Quid de la finition ? Le cocktail est un mélange de chic et de robustesse à la japonaise, mais, pour les parties basses, ce sont toujours les plastiques durs qui dominent. Le topo est le suivant : des garnissages en tissu sur la planche de bord, des panneaux de porte doux au toucher et quelques couleurs çà et là. Pour ceux qui aiment les gadgets : le toit panoramique est lumino sensible via des cristaux liquides polarisés. Plus besoin de store en roulant, ce qui contribue à l’allègement : - 7 kg. Trait marketing : l’inscription « LEAF » imprimée sur le toit panoramique projette le nom du modèle sur la banquette arrière par temps ensoleillé. En langage Tesla, c’est ce qu’on appelle un « easter egg ».

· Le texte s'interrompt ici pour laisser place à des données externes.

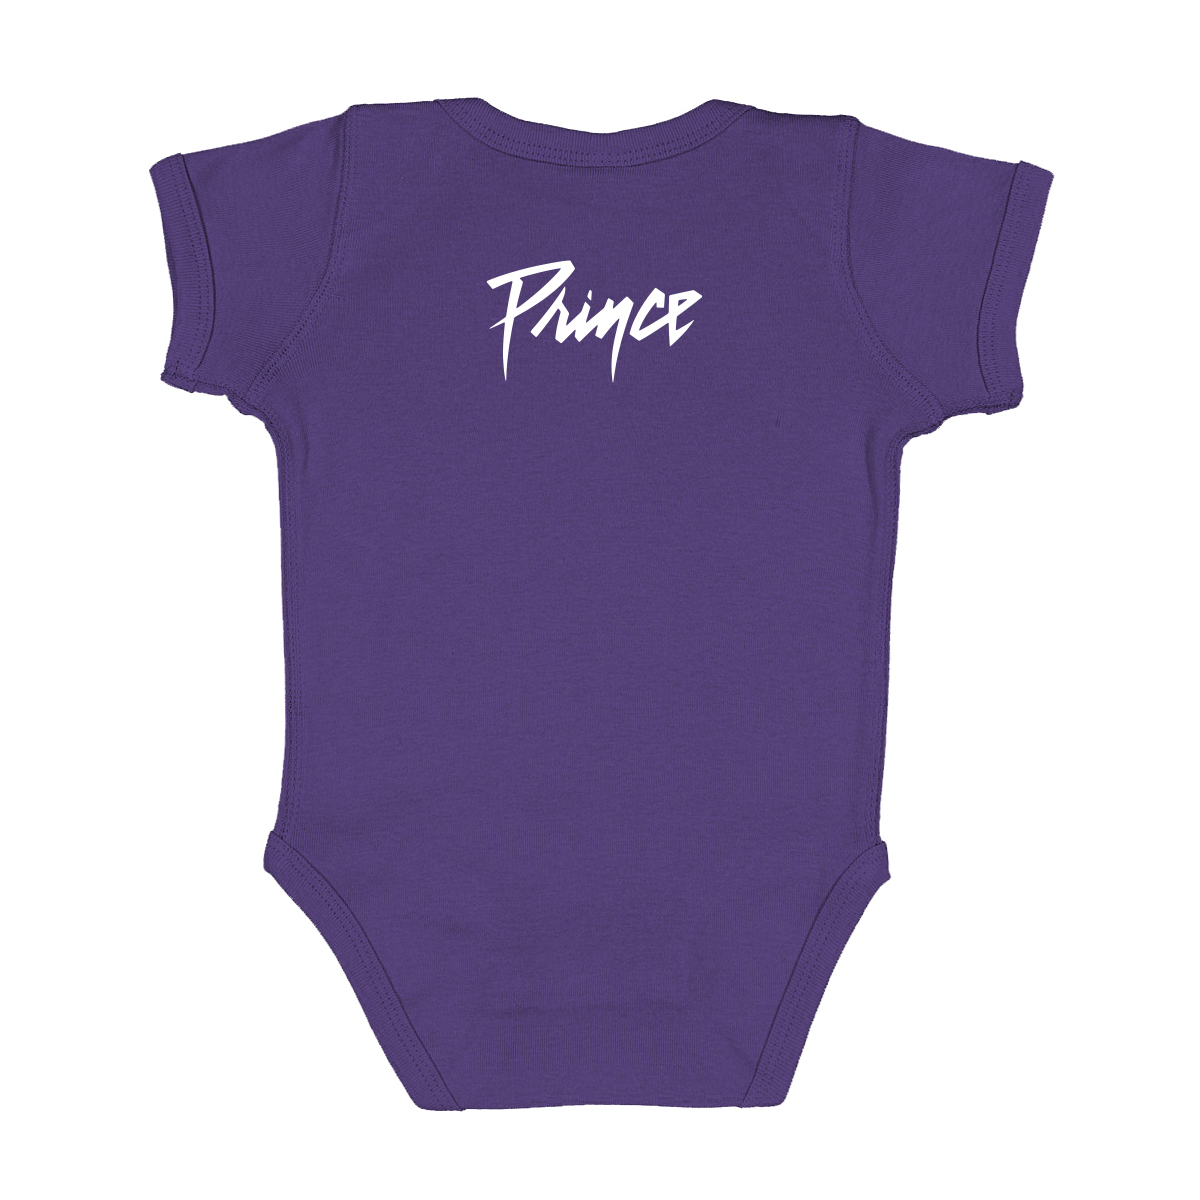 Prince Symbol Infant Onesie
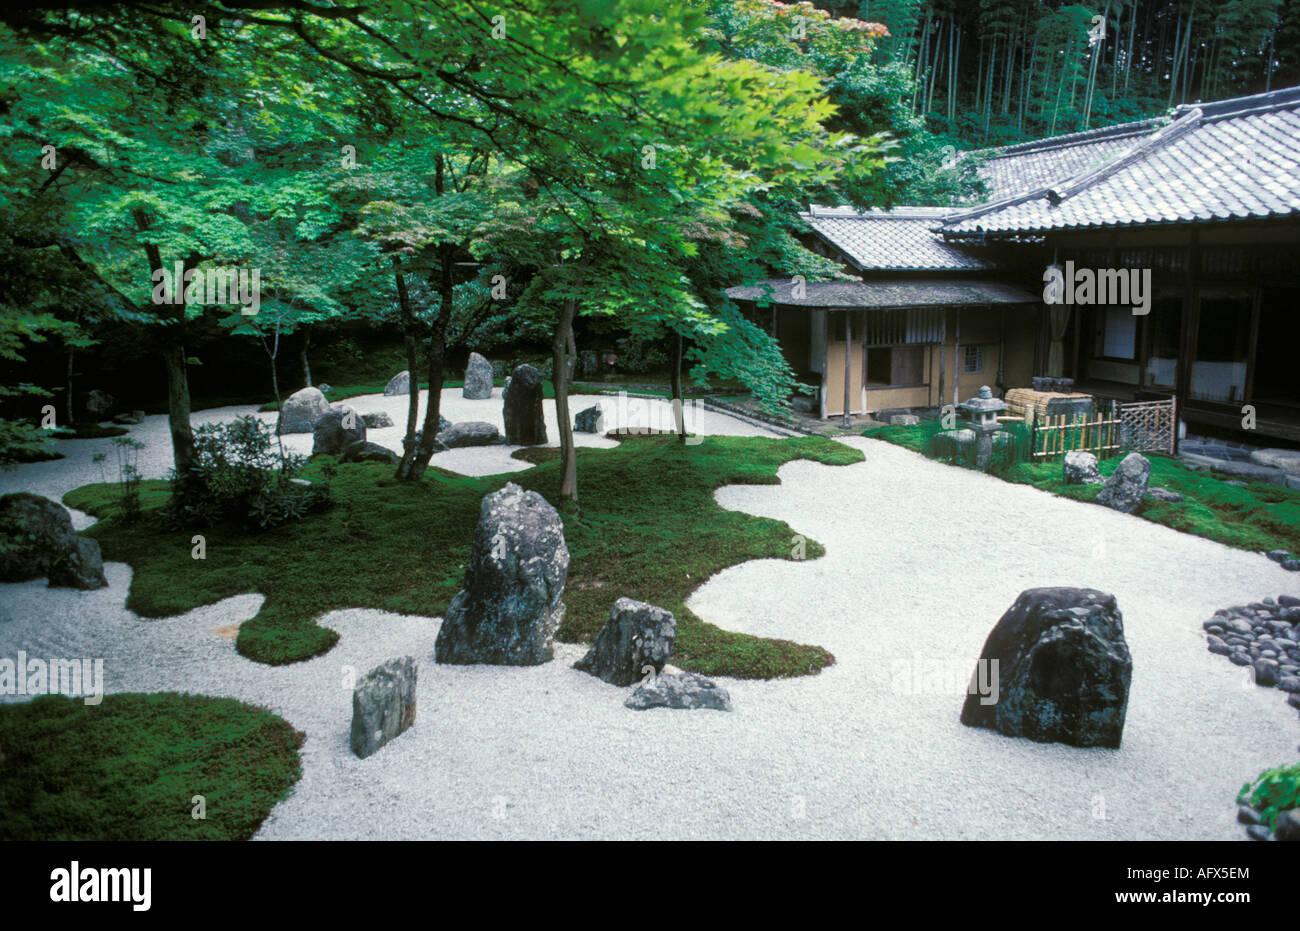 Japan Hiroshima House with Japanese Zen garden Stock Photo

L’ergonomie est logique dans son ensemble et on apprécie les vrais boutons pour la climatisation ou le volume audio. Bravo ! Parmi les petits « plus », il faut noter la projection 3D avec une vue à travers le capot, comme chez Land Rover. Cette fonctionnalité permet aussi de situer parfaitement les roues avant dans les parkings étroits, ce qui élimine le risque de rayer les jantes.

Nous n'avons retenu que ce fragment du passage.